9th Annual Workshop, October 28-31, 1999
Co-sponsored by the U.S. Department of Energy
Development of non-redundant arrays of full-length cDNAs
Maria F. Bonaldo1, Brian Berger1, Todd Scheetz1, 2, Kyle Munn2, Chad Roberts2, Kang Liu2, Thomas Casavant2 and Marcelo Bento Soares1, 3
Departments of 1Pediatrics, 2Electrical and Computer Engineering, and 3Physiology and Biophysics, University of Iowa, Iowa City, Iowa, USA
Large-scale programs are soon going to be initiated aimed at the generation of complete and accurate sequence of large numbers of full-length cDNAs. It is anticipated that the resulting information will not only expedite the identification of human disease-causing genes but also will facilitate the process of annotation of the genomic sequences currently being generated.
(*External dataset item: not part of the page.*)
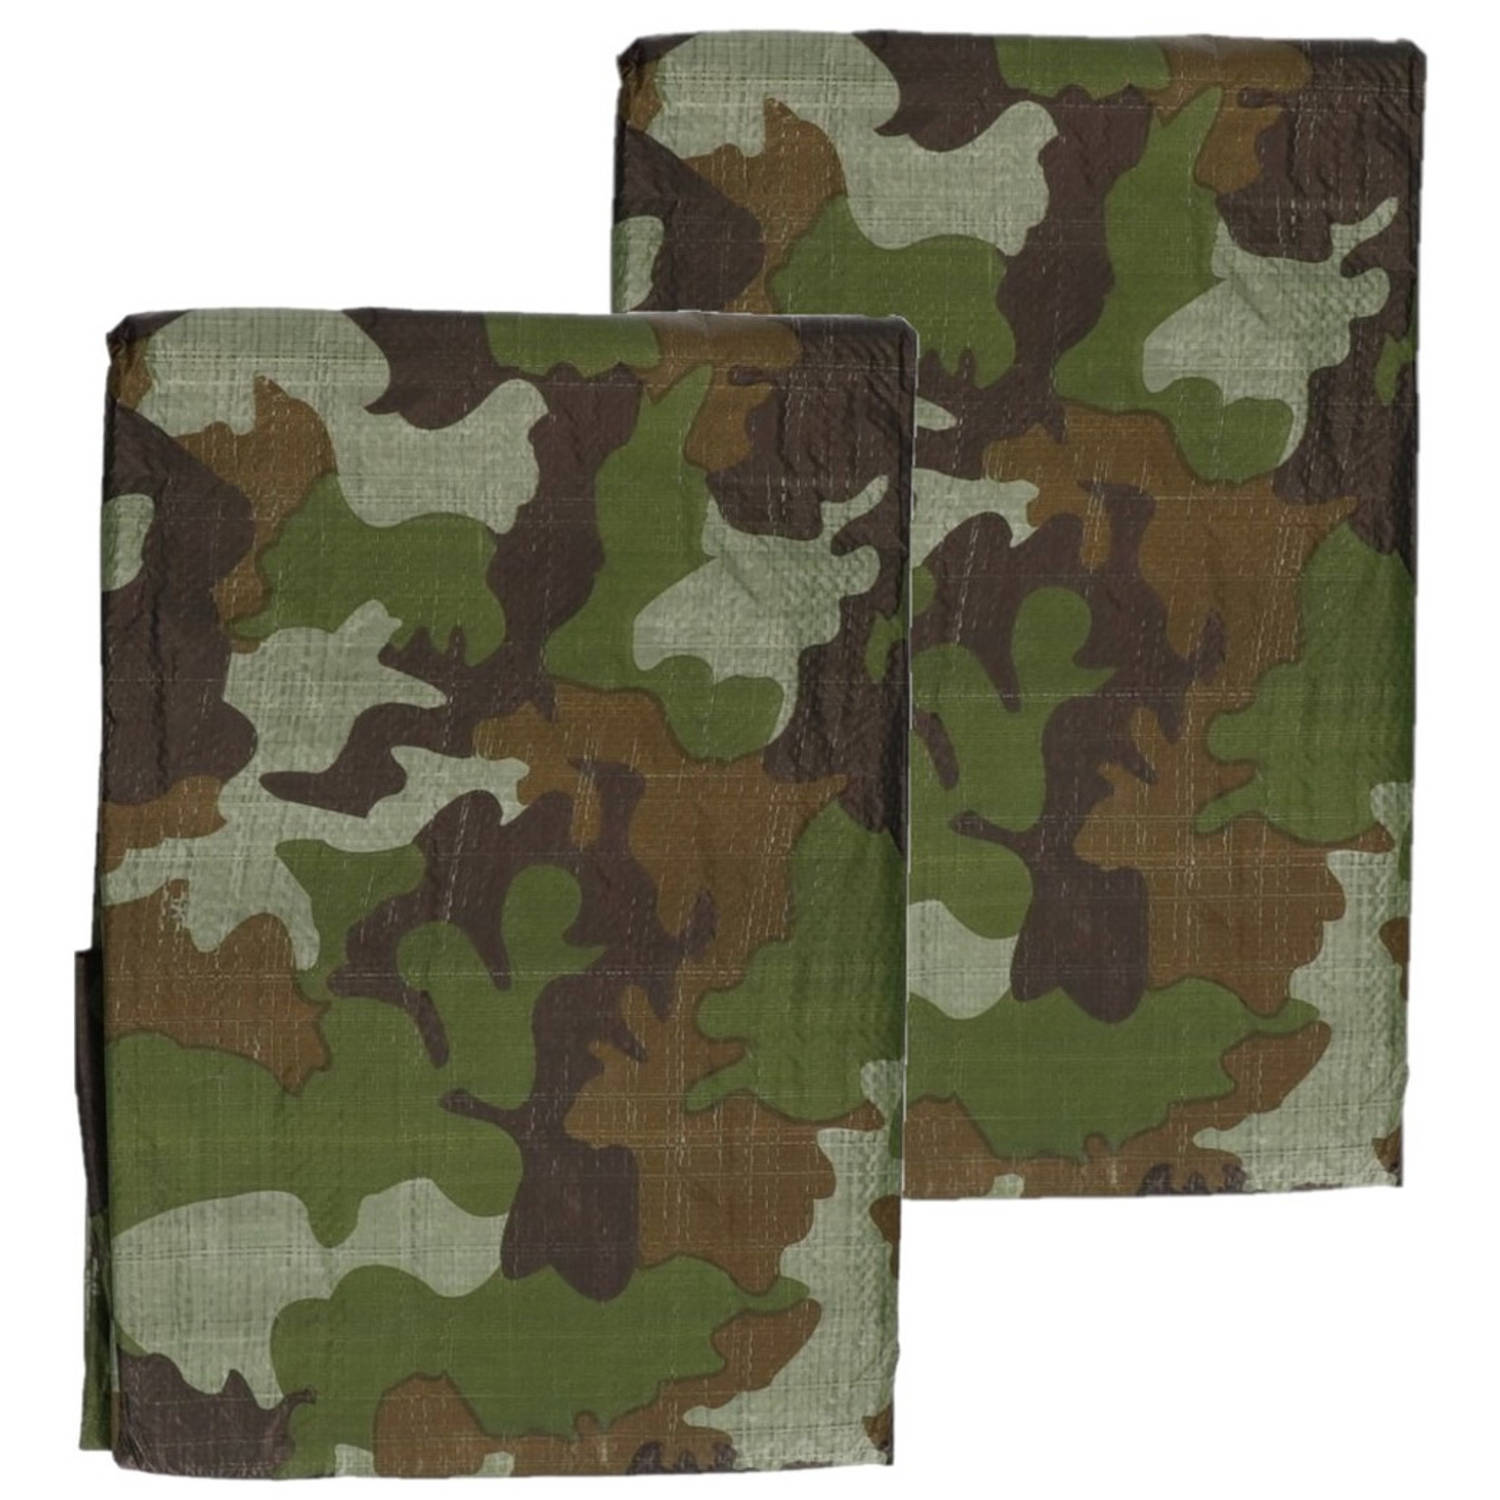 2x stuks groen camouflage afdekzeilen / dekzeilen 3 x 4 meter - Afdekzeilen

Central to this effort, however, is the existence of non- redundant sets of full-length cDNAs. Although several methods have been developed for construction of libraries enriched for full-length cDNAs, there aren't any publicly available arrayed sets of full-length cDNA clones. That will require en masse identification of full-length clones in libraries enriched for full-length cDNAs, clustering for identification of a non-redundant set of cDNAs, and their rearraying into 96 or 384 well plates. Towards this goal, we have generated and thoroughly characterized four cDNA libraries enriched for full-length cDNAs that we constructed from size fractionated human germinal center B cell cytoplasmic mRNA. Our strategy to generate non- redundant arrayed collections of full-length cDNAs involves the following steps:
(1) Generation of 5'ESTs from a large number of clones,
(2) Clustering for identification (and sequence assembly) of a non-redundant collection of cDNAs/ESTs,
(3) Blast analysis for identification of cDNAs corresponding to mRNAs for which sequence information is not yet available in Genbank,
(4) Informatics analysis with a "5' classifier program" for identification of 5'ESTs likely to encompass the start codon,
(5) re-arraying of a non- redundant set of full-length cDNAs.
To date we have generated in excess of 13,000 5'ESTs and we have started to build a non-redundant collection of full-length cDNAs.